Noah Kulwin writes at New York Magazine,
...The unregulated, quasi-autonomous, imperial scale of the big tech companies multiplies any rational fears about them — and also makes it harder to figure out an effective remedy. Could a subscription model reorient the internet’s incentives, valuing user experience over ad-driven outrage? Could smart regulations provide greater data security? Or should we break up these new monopolies entirely in the hope that fostering more competition would give consumers more options?
Silicon Valley, it turns out, won’t save the world. But those who built the internet have provided us with a clear and disturbing account of why everything went so wrong — how the technology they created has been used to undermine the very aspects of a free society that made that technology possible in the first place. —Max Read and David Wallace-Wells
The rest of the article includes comments by some of the people instrumental in getting the internet going. They share their insights on what went wrong.
Step 1
Start With Hippie Good Intentions …The Silicon Valley dream was born of the counterculture. A generation of computer programmers and designers flocked to the Bay Area’s tech scene in the 1970s and ’80s, embracing new technology as a tool to transform the world for good.
Step 2
… Then mix in capitalism on steroids.
To transform the world, you first need to take it over. The planetary scale and power envisioned by Silicon Valley’s early hippies turned out to be as well suited for making money as they were for saving the world.
Step 3
The arrival of Wall Streeters didn’t help …
Just as Facebook became the first overnight social-media success, the stock market crashed, sending money-minded investors westward toward the tech industry. Before long, a handful of companies had created a virtual monopoly on digital life.
Step 4
… And we paid a high price for keeping it free.
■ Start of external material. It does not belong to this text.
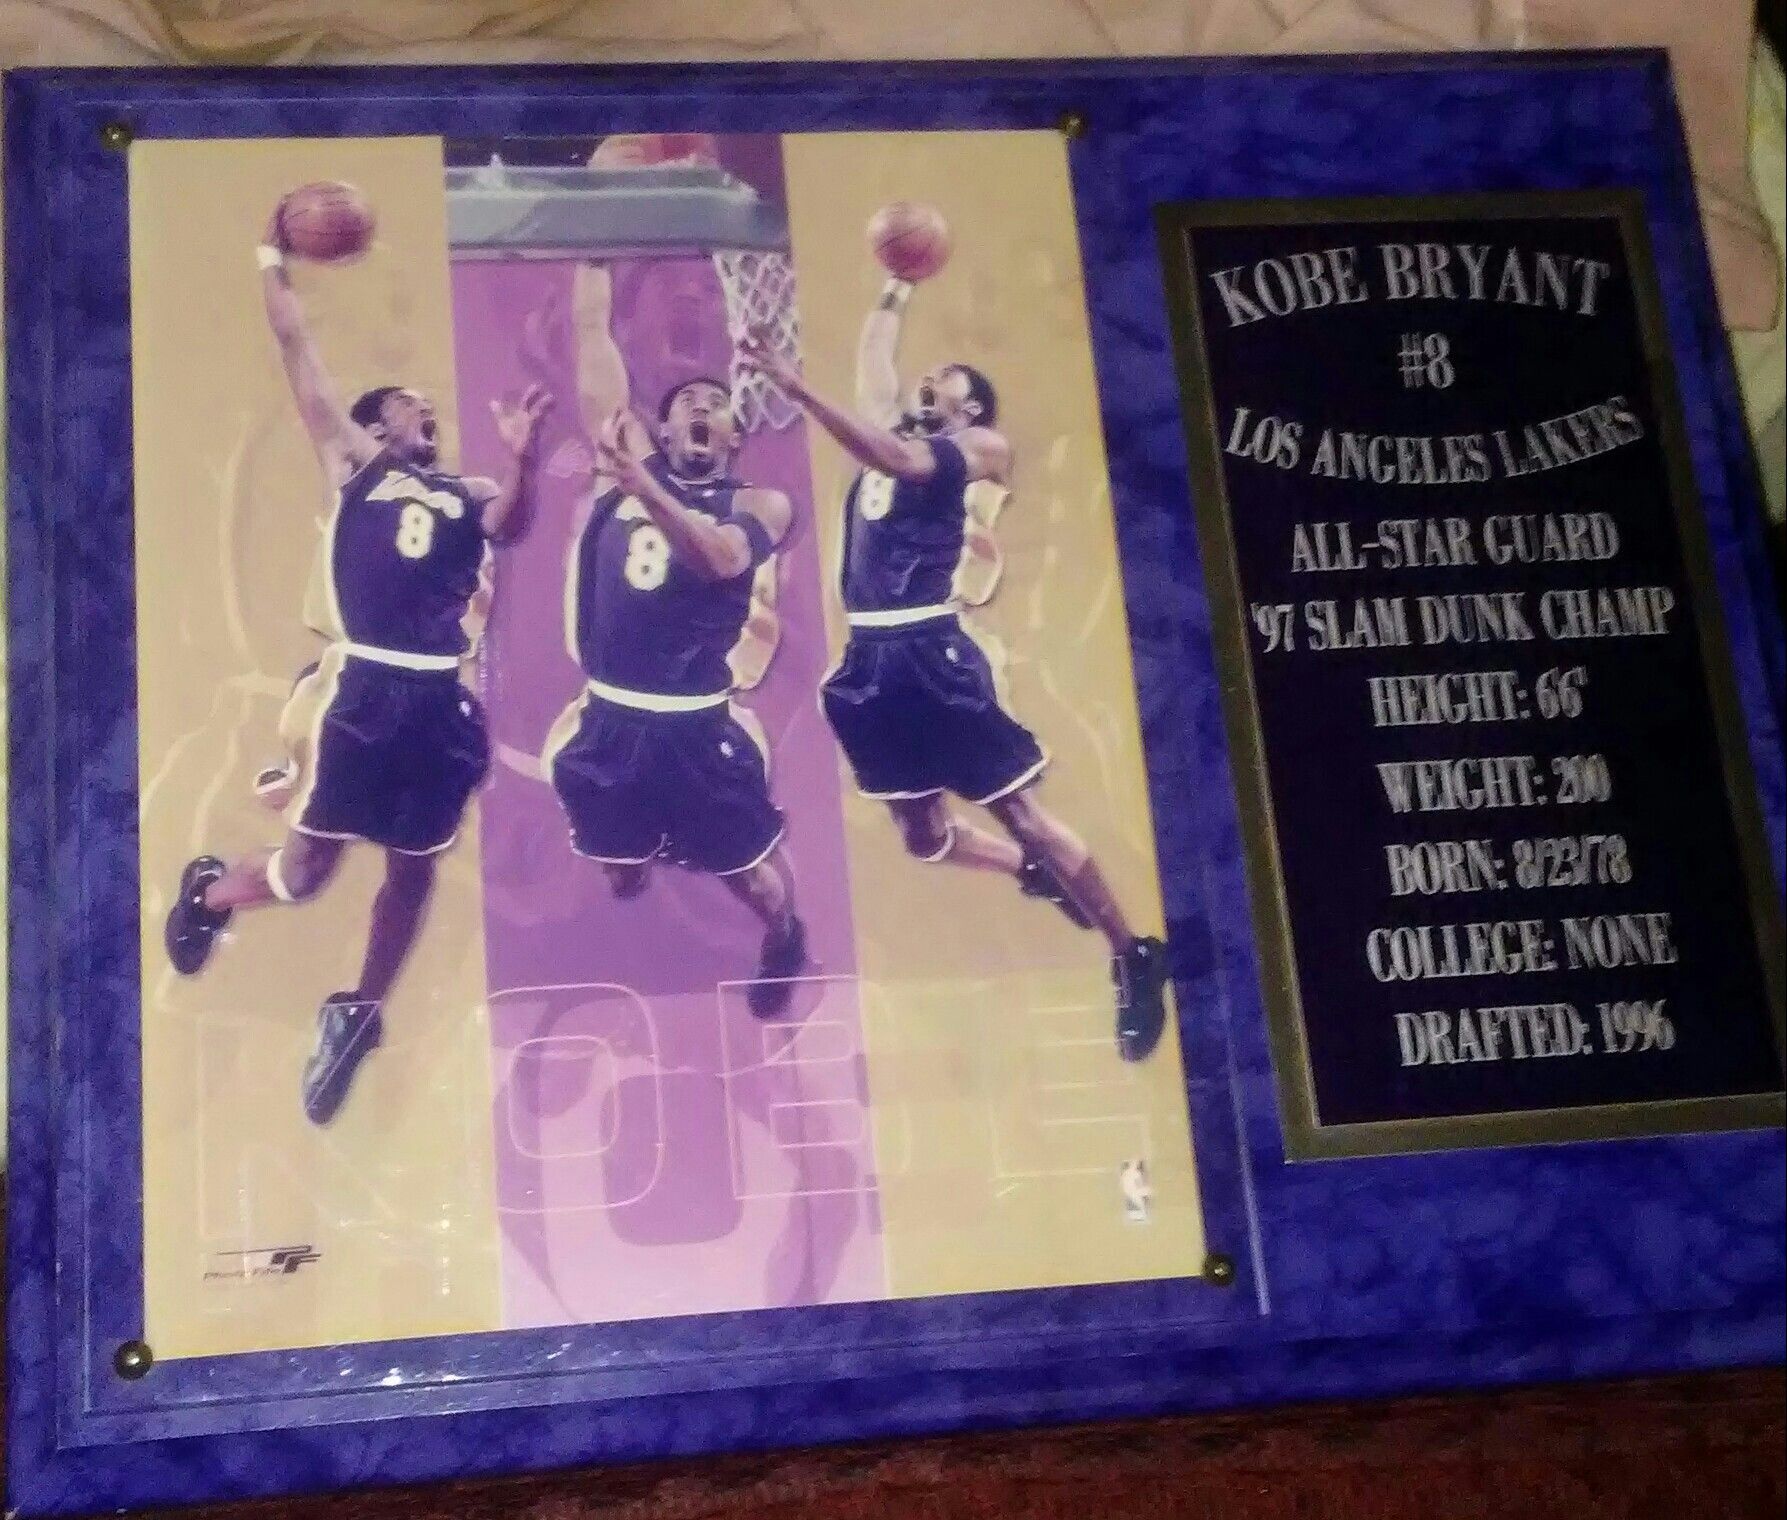 Kobe Bryant plaque

To avoid charging for the internet — while becoming fabulously rich at the same time — Silicon Valley turned to digital advertising. But to sell ads that target individual users, you need to grow a big audience — and use advancing technology to gather reams of personal data that will enable you to reach them efficiently.
Step 5
Everything was designed to be really, really addictive.
The social-media giants became “attention merchants,” bent on hooking users no mater the consequences. “Engagement” was the euphemism for the metric, but in practice it evolved into an unprecedented machine for behavior modification.
Step 6
At first, it worked — almost too well.
None of the companies hid their plans or lied about how their money was made. But as users became deeply enmeshed in the increasingly addictive web of surveillance, the leading digital platforms became wildly popular.
Step 7
No one from Silicon Valley was held accountable …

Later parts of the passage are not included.